EXERCISE DIRECTIONS: Write out nothing but the lines from the one containing "You Can't Scare" through the last line below, both included, and without the pictures.

(STORED DATA)

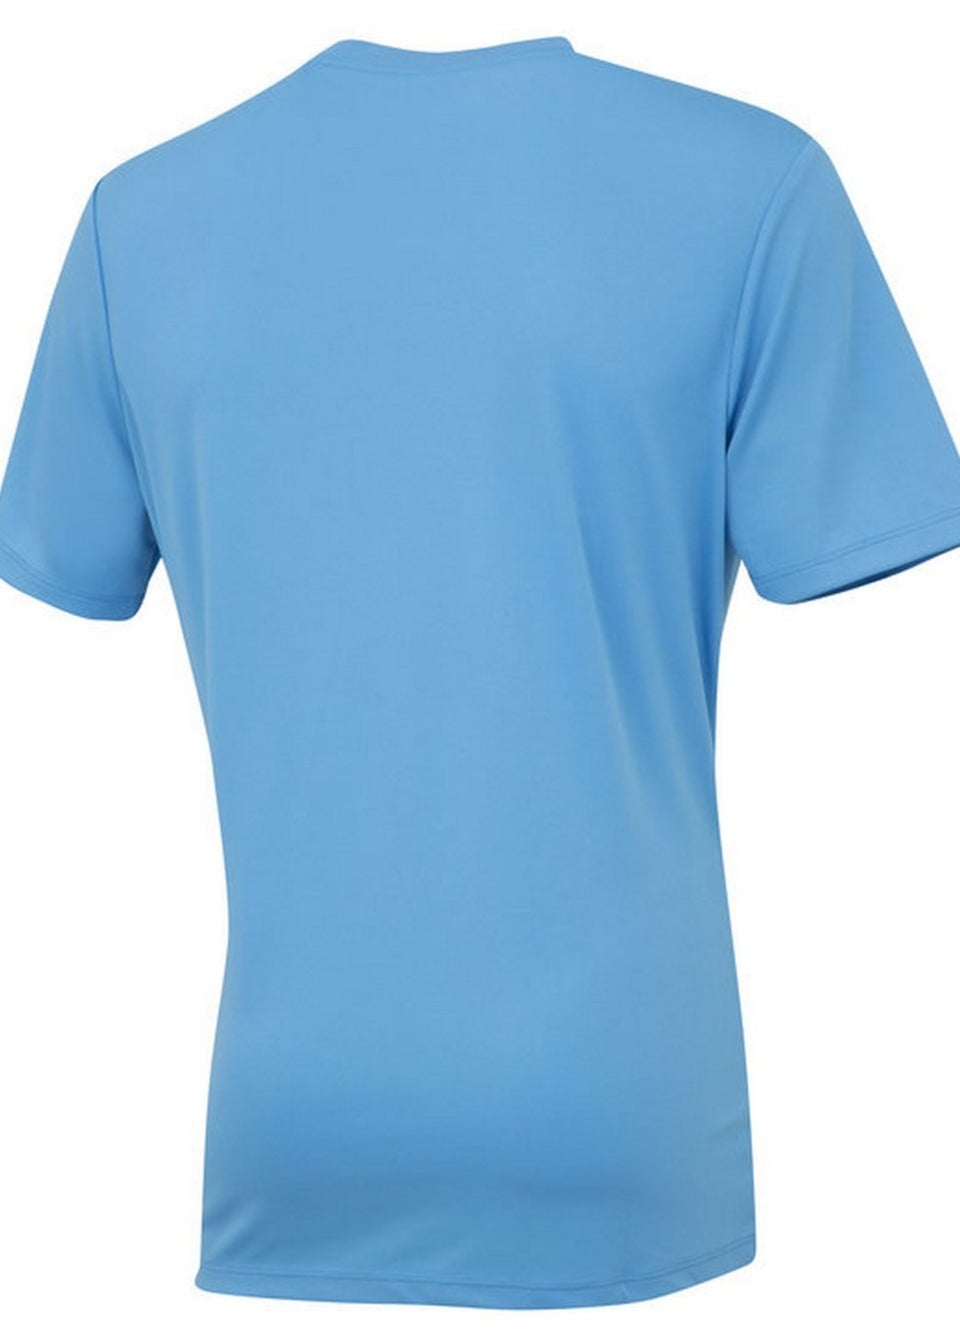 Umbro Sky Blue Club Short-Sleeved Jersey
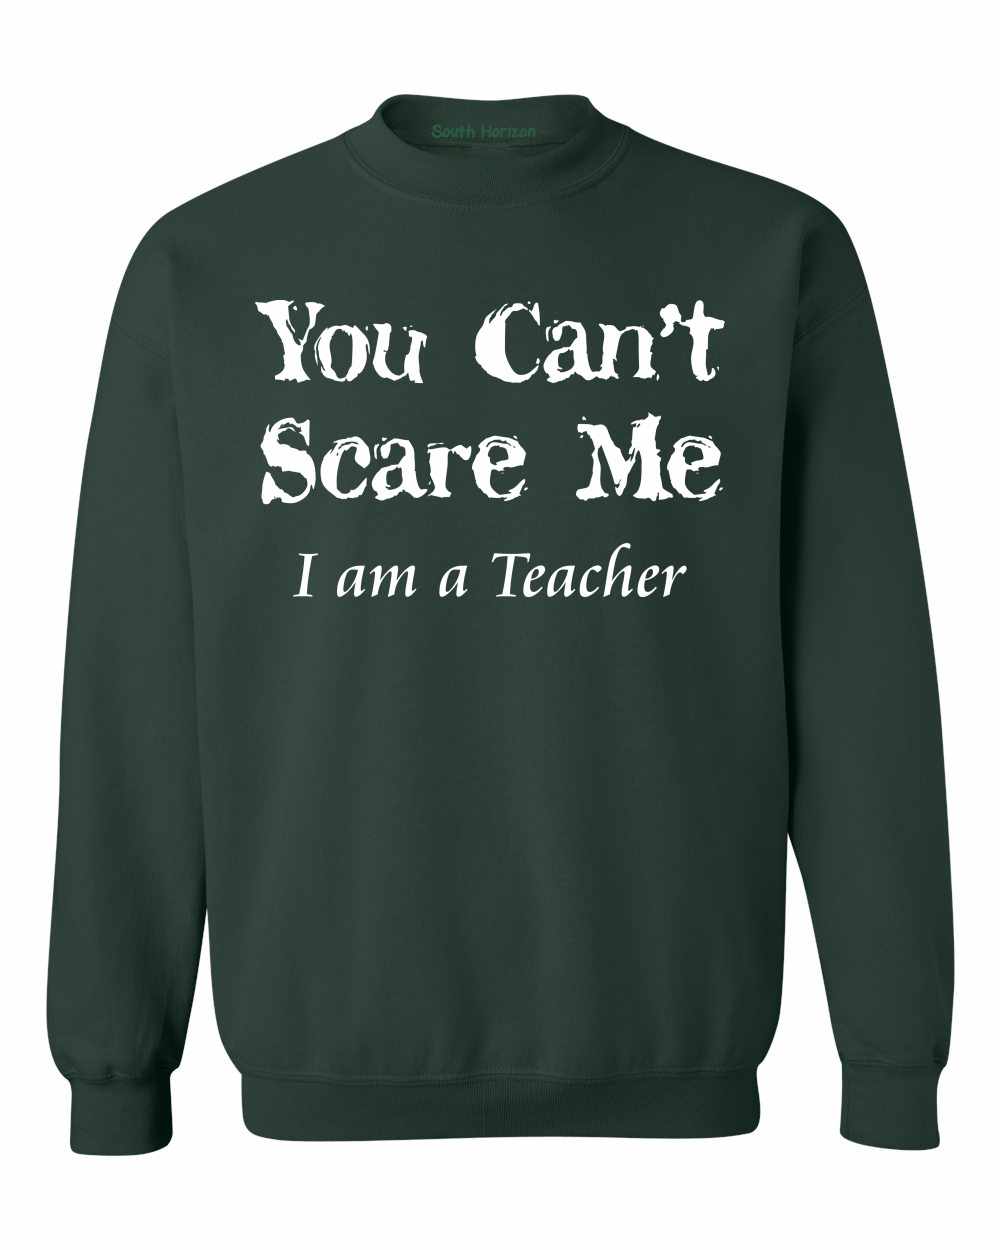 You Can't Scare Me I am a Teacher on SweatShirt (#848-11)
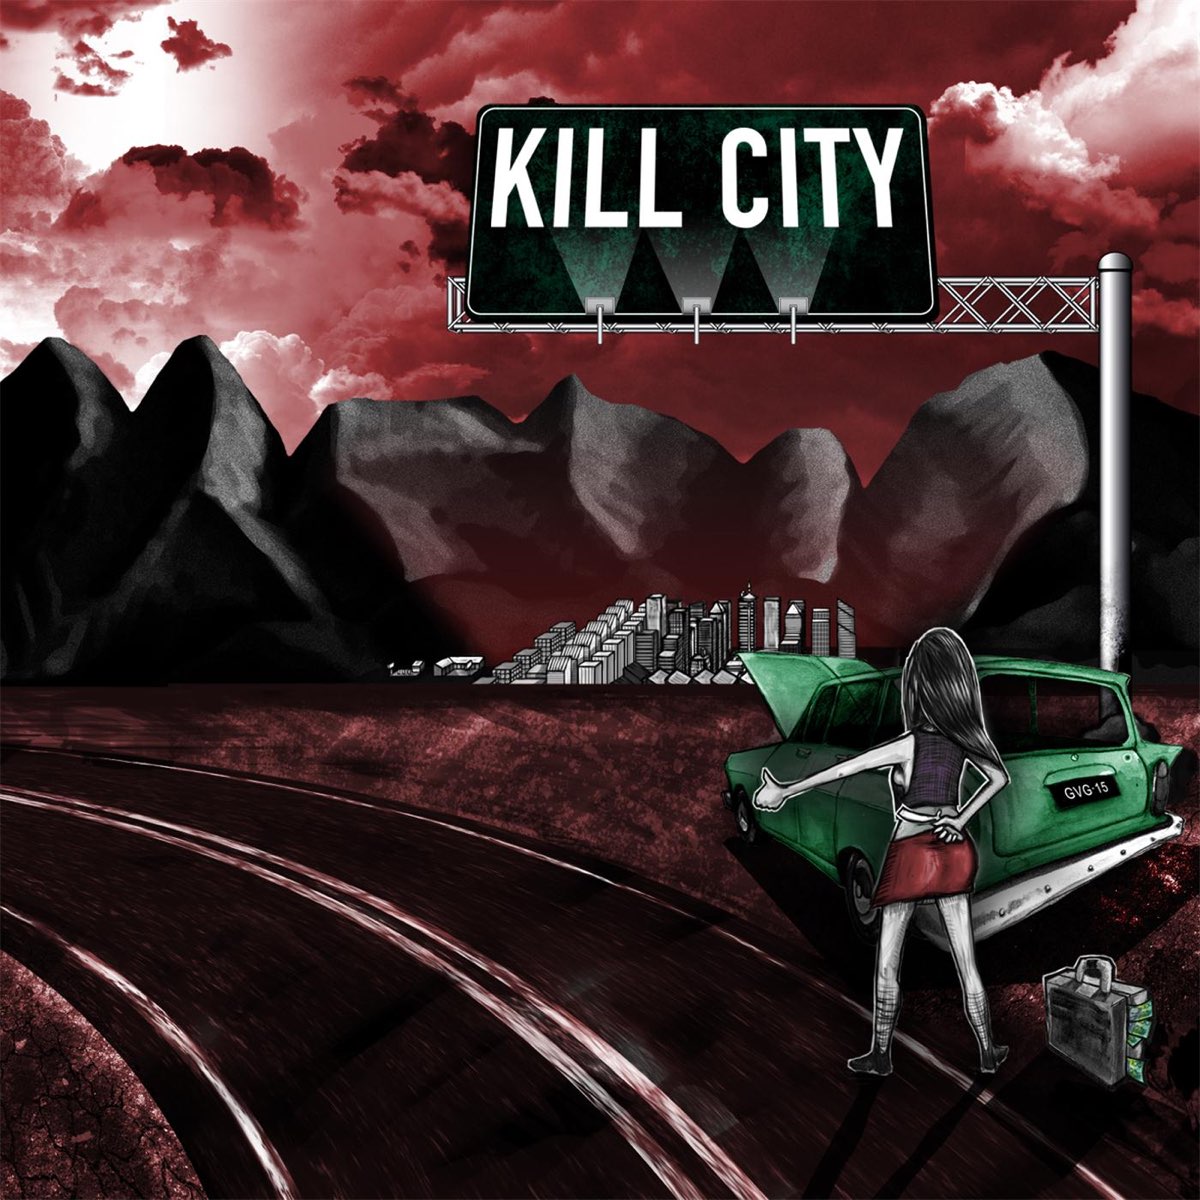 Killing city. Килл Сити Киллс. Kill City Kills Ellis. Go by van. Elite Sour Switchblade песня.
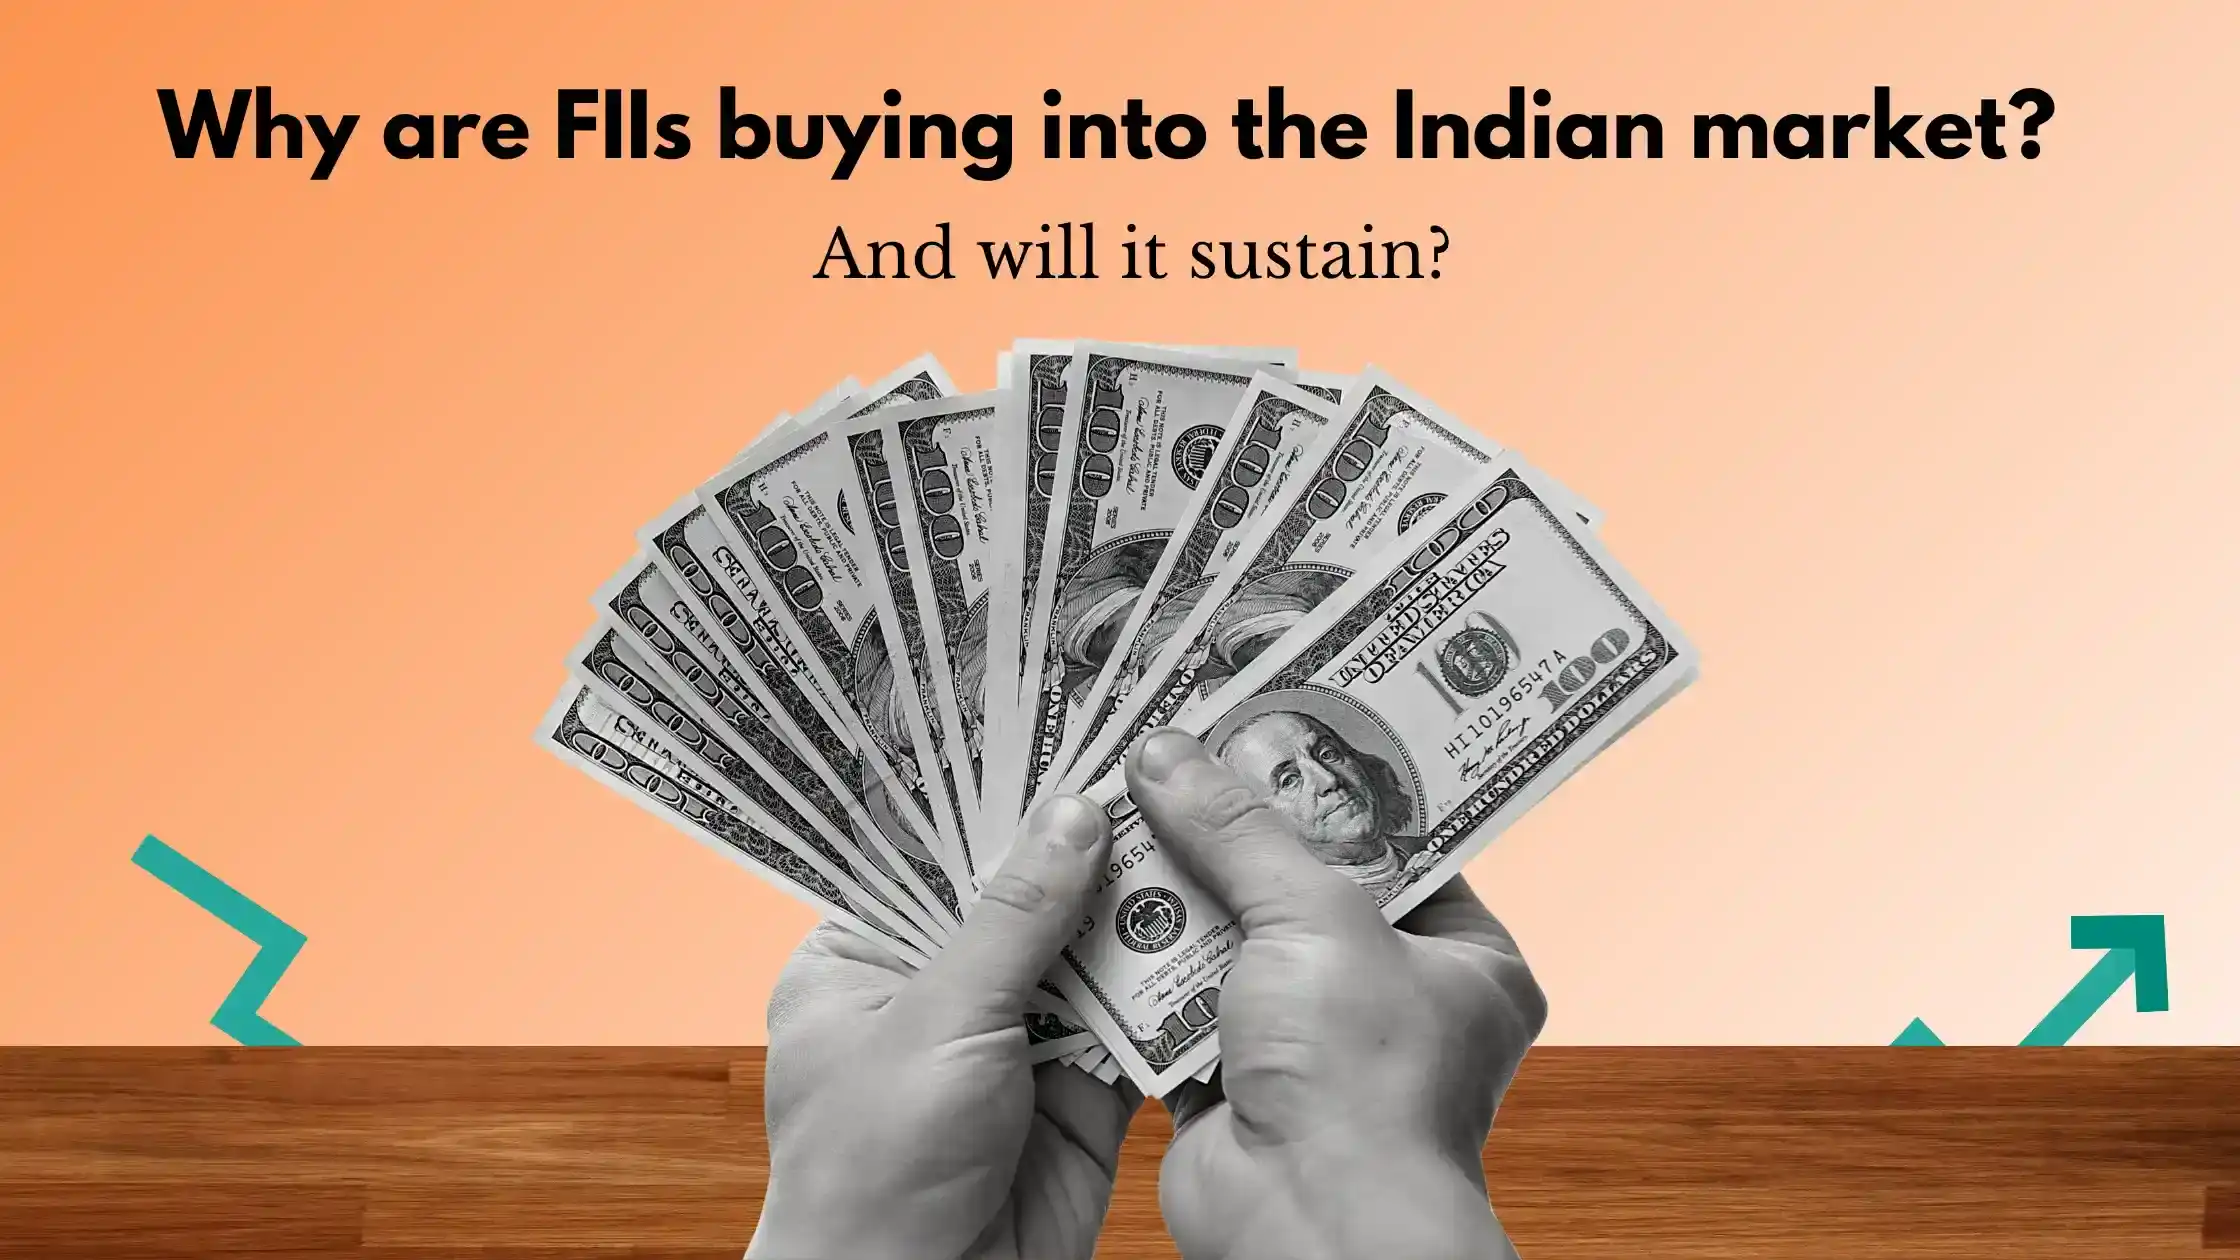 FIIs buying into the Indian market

(End STORED DATA)

ANSWER TO THE PROBLEM:
 You Can't Scare Me I am a Teacher on SweatShirt (#848-11)
 Killing city. Килл Сити Киллс. Kill City Kills Ellis. Go by van. Elite Sour Switchblade песня.
 FIIs buying into the Indian market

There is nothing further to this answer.